◆ Provided material:
================================
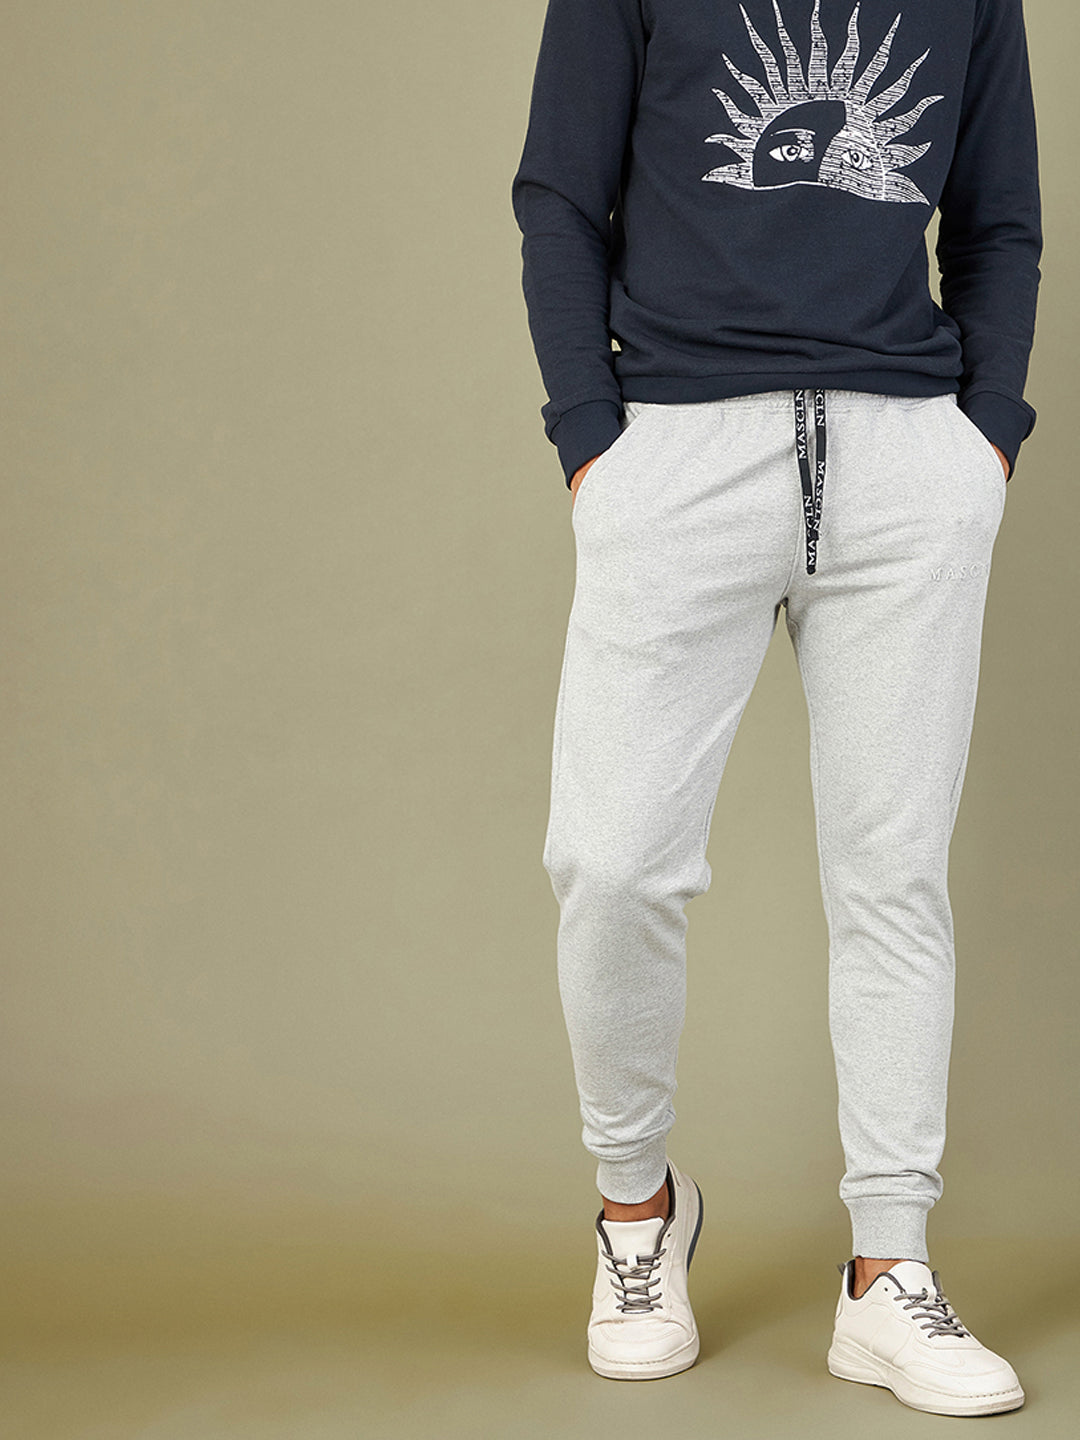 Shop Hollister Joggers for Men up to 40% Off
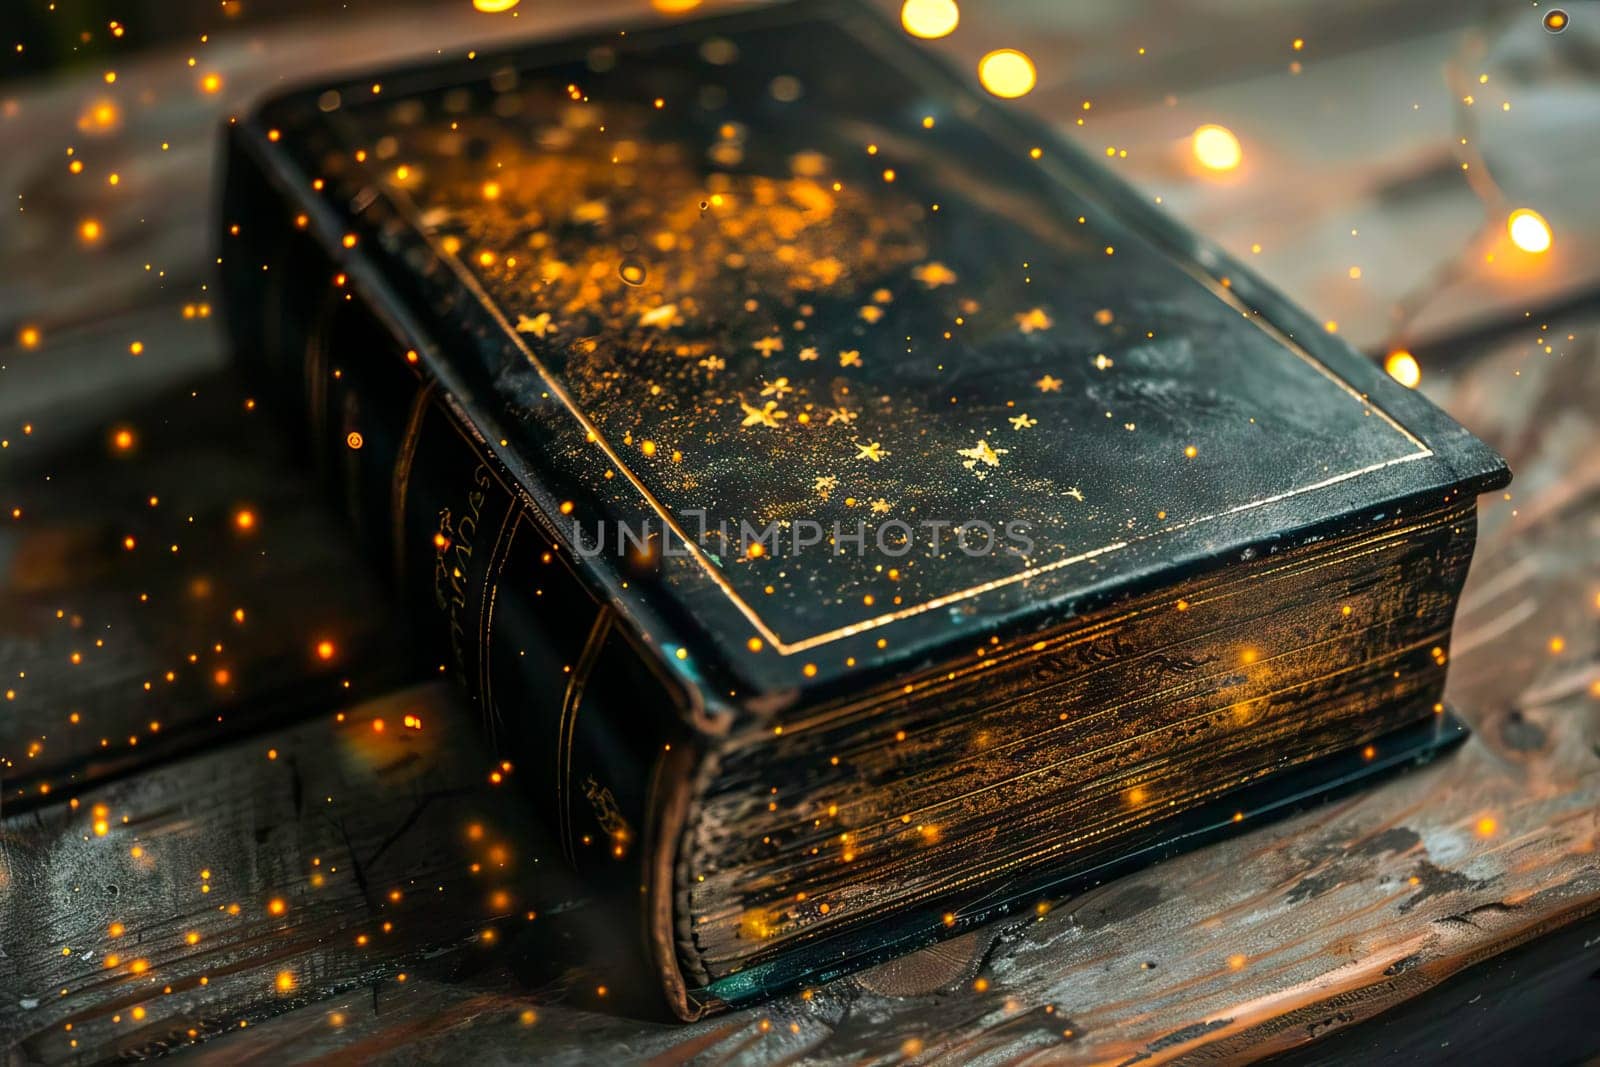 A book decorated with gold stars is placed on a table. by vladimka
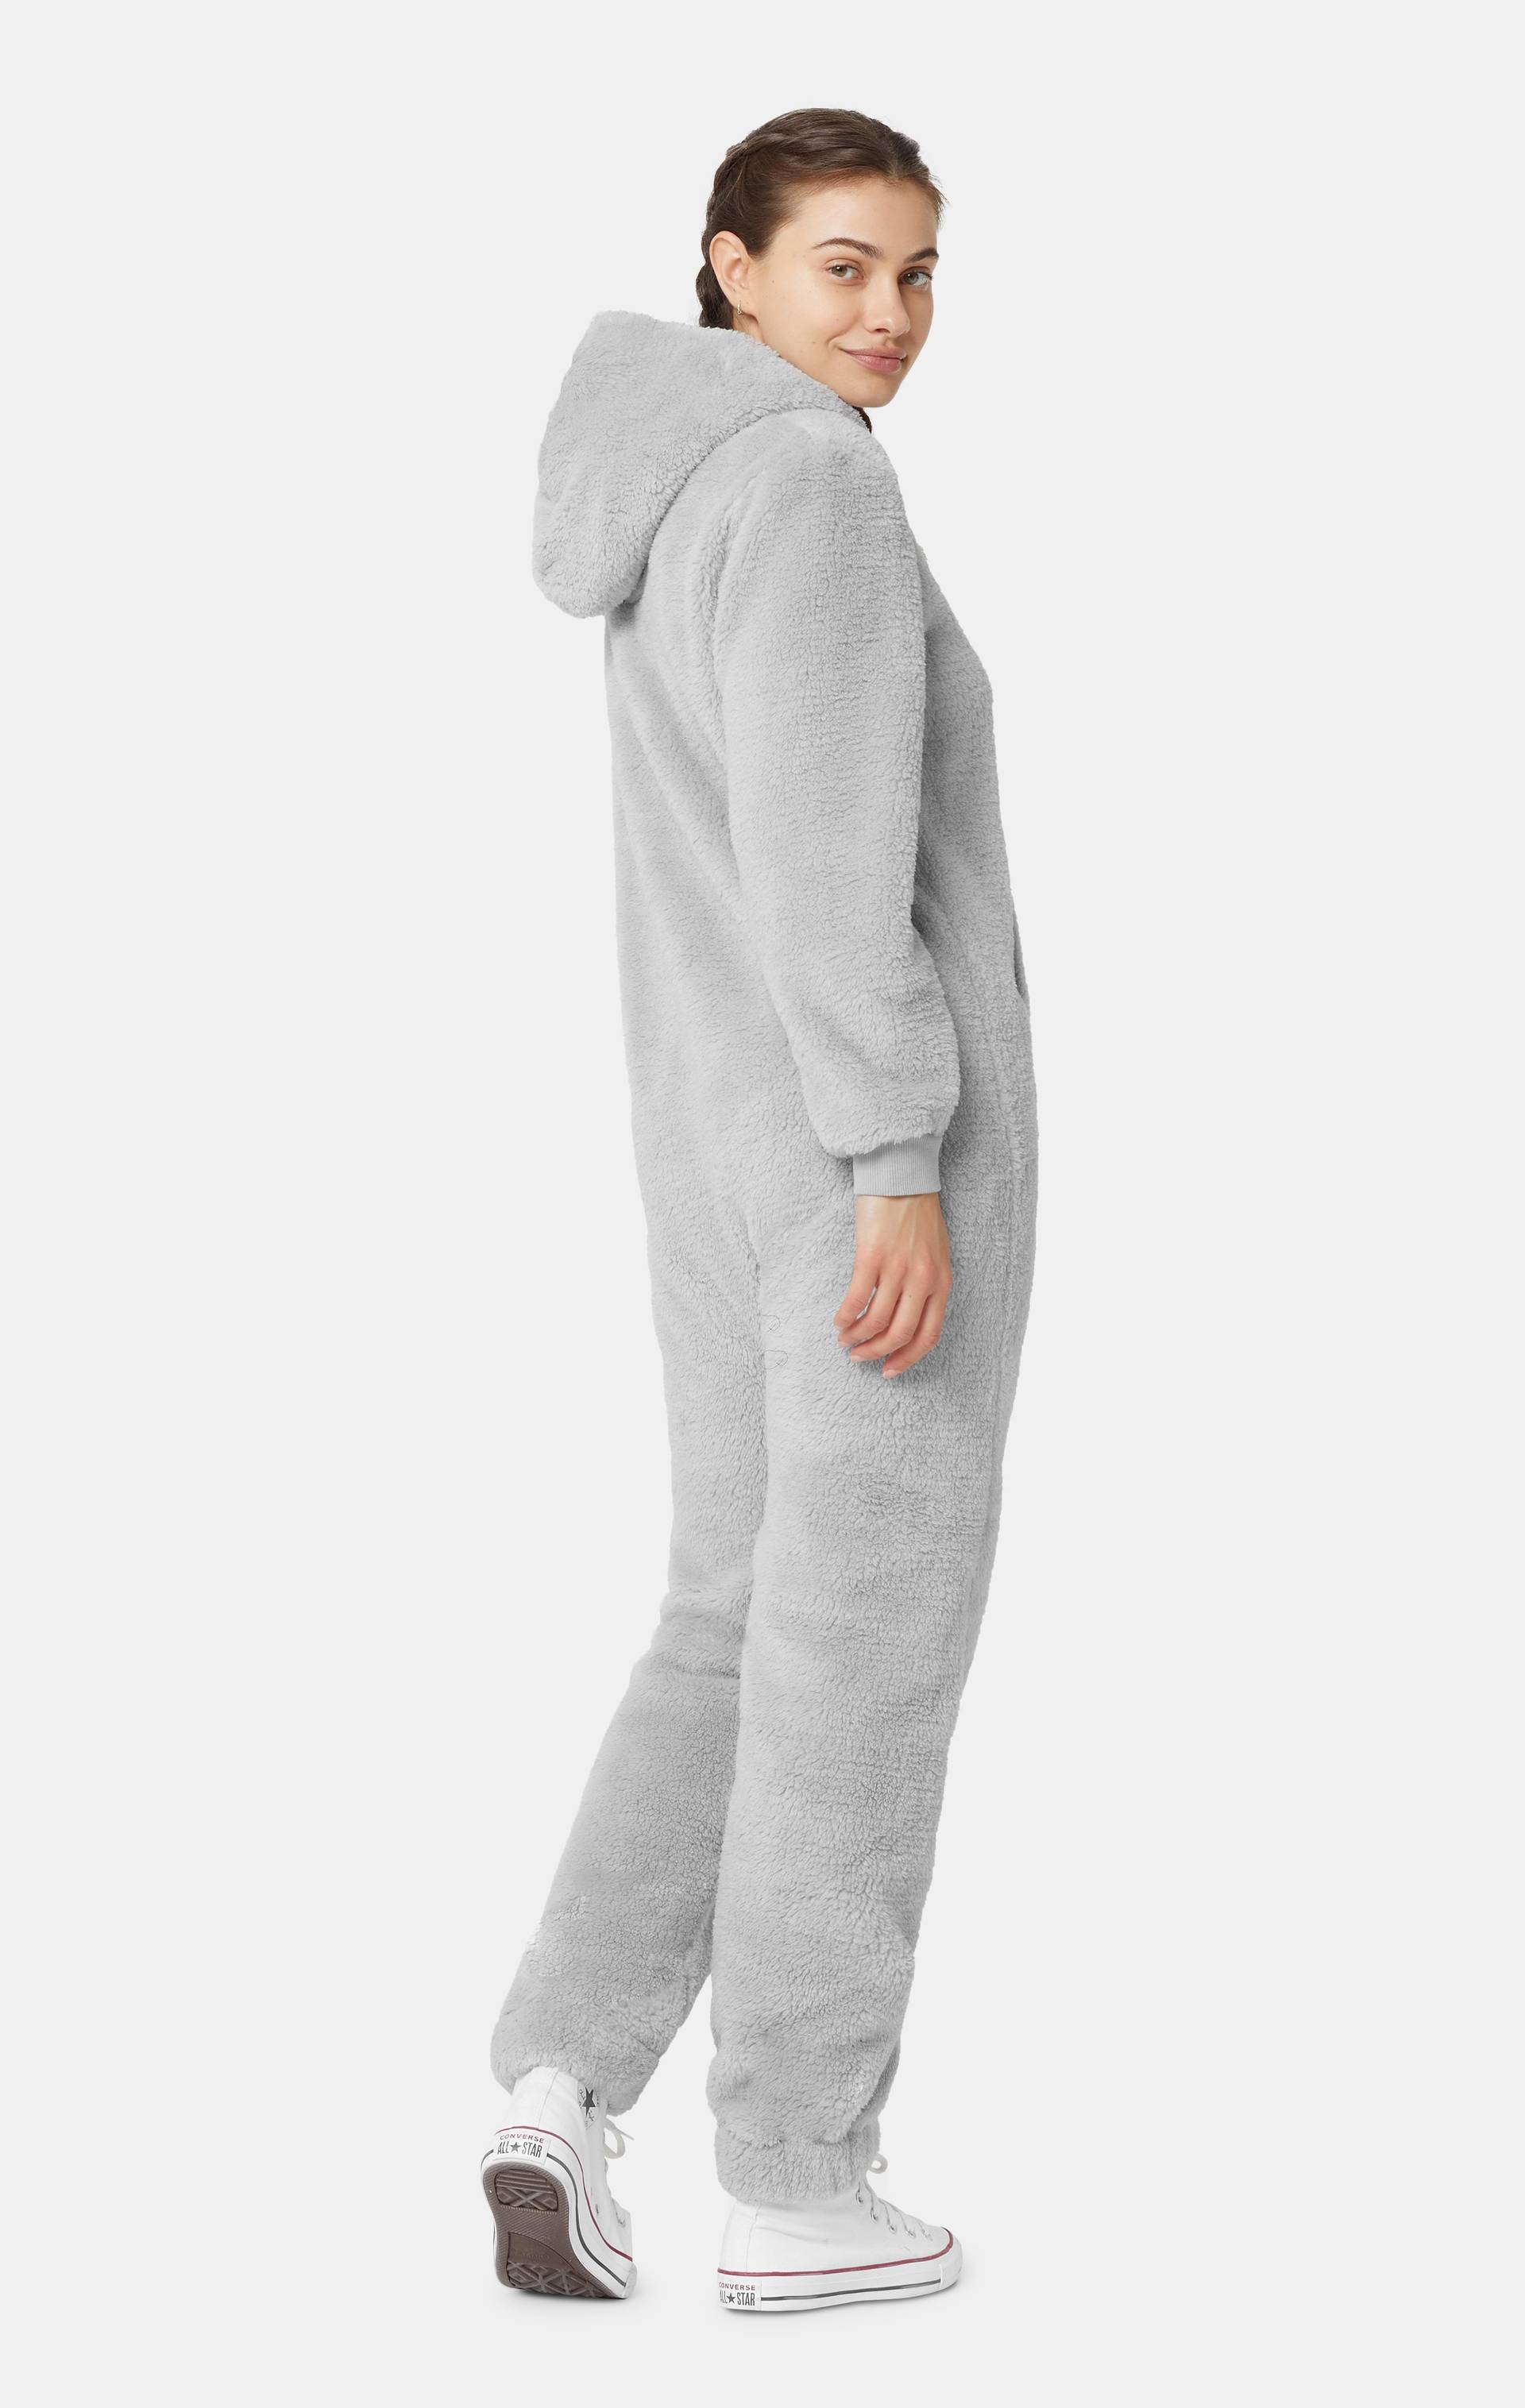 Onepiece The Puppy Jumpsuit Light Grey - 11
================================
◆ Exercise details: Omit the pictures and print the listing exactly.

◆ Answer space:
 Shop Hollister Joggers for Men up to 40% Off
 A book decorated with gold stars is placed on a table. by vladimka
 Onepiece The Puppy Jumpsuit Light Grey - 11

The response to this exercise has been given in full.